Closed ericgriffis closed 10 years ago
Can you provide a code sample to reproduce this? And we'd need you to be running the latest version of RSpec (2.14) and let us know what version of Ruby you're running.
I am running rpsec-rails 2.13.1 and ruby 1.9.3p392, sorry for leaving that out before.
In attempting to find the simplest code that reproduces the error, I noticed a strange contingency on this behavior.
With the following code, rspec will print one failure then "Illegal instruction: 4" and exit:
describe "test" do
before :each do
Listing.stub(:new).and_return do
FactoryGirl.build(:listing)
end
end
describe "stub" do
it "should do foo" do
@listing = Listing.new
end
it "should do bar" do
@listing = Listing.new
end
end
end
Here is the command line output:
FIllegal instruction: 4
However, with the following code, rspec will complete successfully, printing a different error:
describe "test" do
before :each do
Listing.stub(:new).and_return do
FactoryGirl.build(:listing)
end
end
describe "stub" do
it "should do foo" do
@listing = Listing.new
end
end
end
Here is the command line output for this code:
F
Failures:
1) test stub should do foo
Failure/Error: Unable to find matching line from backtrace
SystemStackError:
stack level too deep
# /Users/ericgriffis/.rbenv/versions/1.9.3-p392/lib/ruby/gems/1.9.1/gems/activesupport-3.2.13/lib/active_support/core_ext/class/attribute.rb:81
Note that the only difference between the two code blocks is that the former runs an identical test on the same (stubbed) method twice.
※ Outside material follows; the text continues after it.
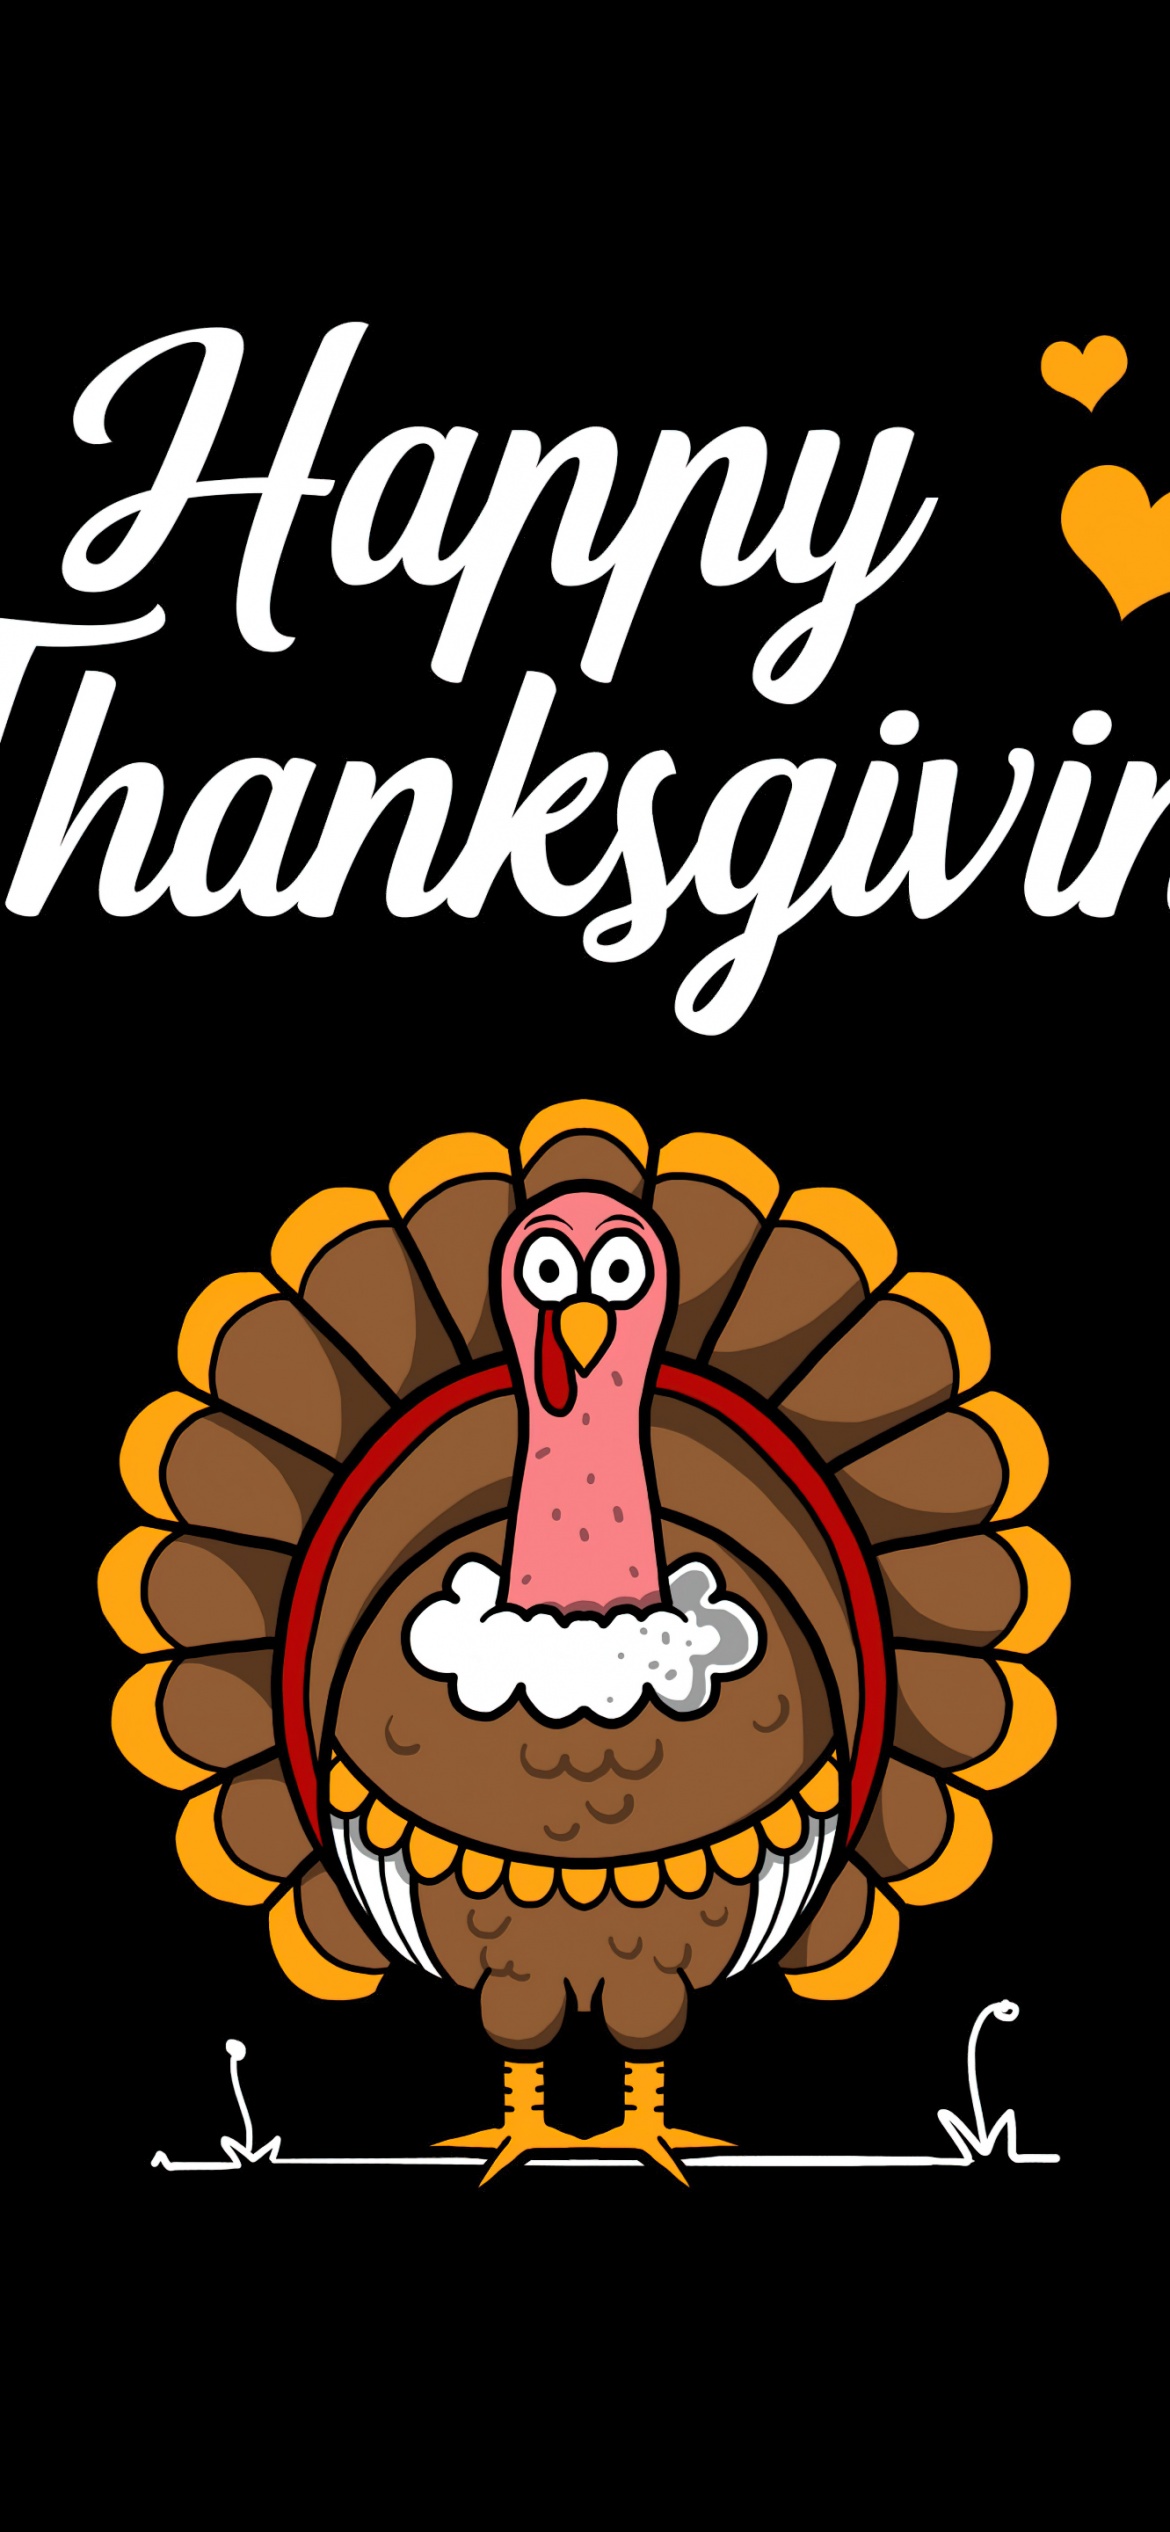 25 Happy Thanksgiving GIFs 2022  Animated Thanksgiving GIF Images

Thanks for looking into this; it's really got me stumped.
First, you need to do this:
listing = FactoryGirl.build(:listing)
Listing.stub(:new).and_return(listing)
What you had was equivalent to...
Object.stub(:new).and_return do
Object.new
end
... which can't work because new
has already been stubbed by the time you call it, hence the SystemStackError
.
I haven't repro'd the illegal instruction part yet though.
I suspect that the illegal instruction has to do with how @ericgriffis's ruby interpreter was compiled, and we probably won't be able to repro it on our machines.
Don't think there's any other action here for us then. @ericgriffis please re-open if you're not satisfied :)
Yeah I suspect this is an artefact of the build
/new
relationship internally and doing something weird in your code / build of ruby. This isn't an RSpec issue.
When I attempt to stub a method using a block to generate a return value, rspec prints "Illegal Instruction: 4" and exits. According to the second answer to this question, this means that some binary instruction is invalid on the executing OS (I'm running rspec-rails 2.13.1 on OS X 10.7.5).
Has anyone else noticed this problem? Is this a problem internal to rspec, rspec-rails, or rails, or could it be something else I have installed?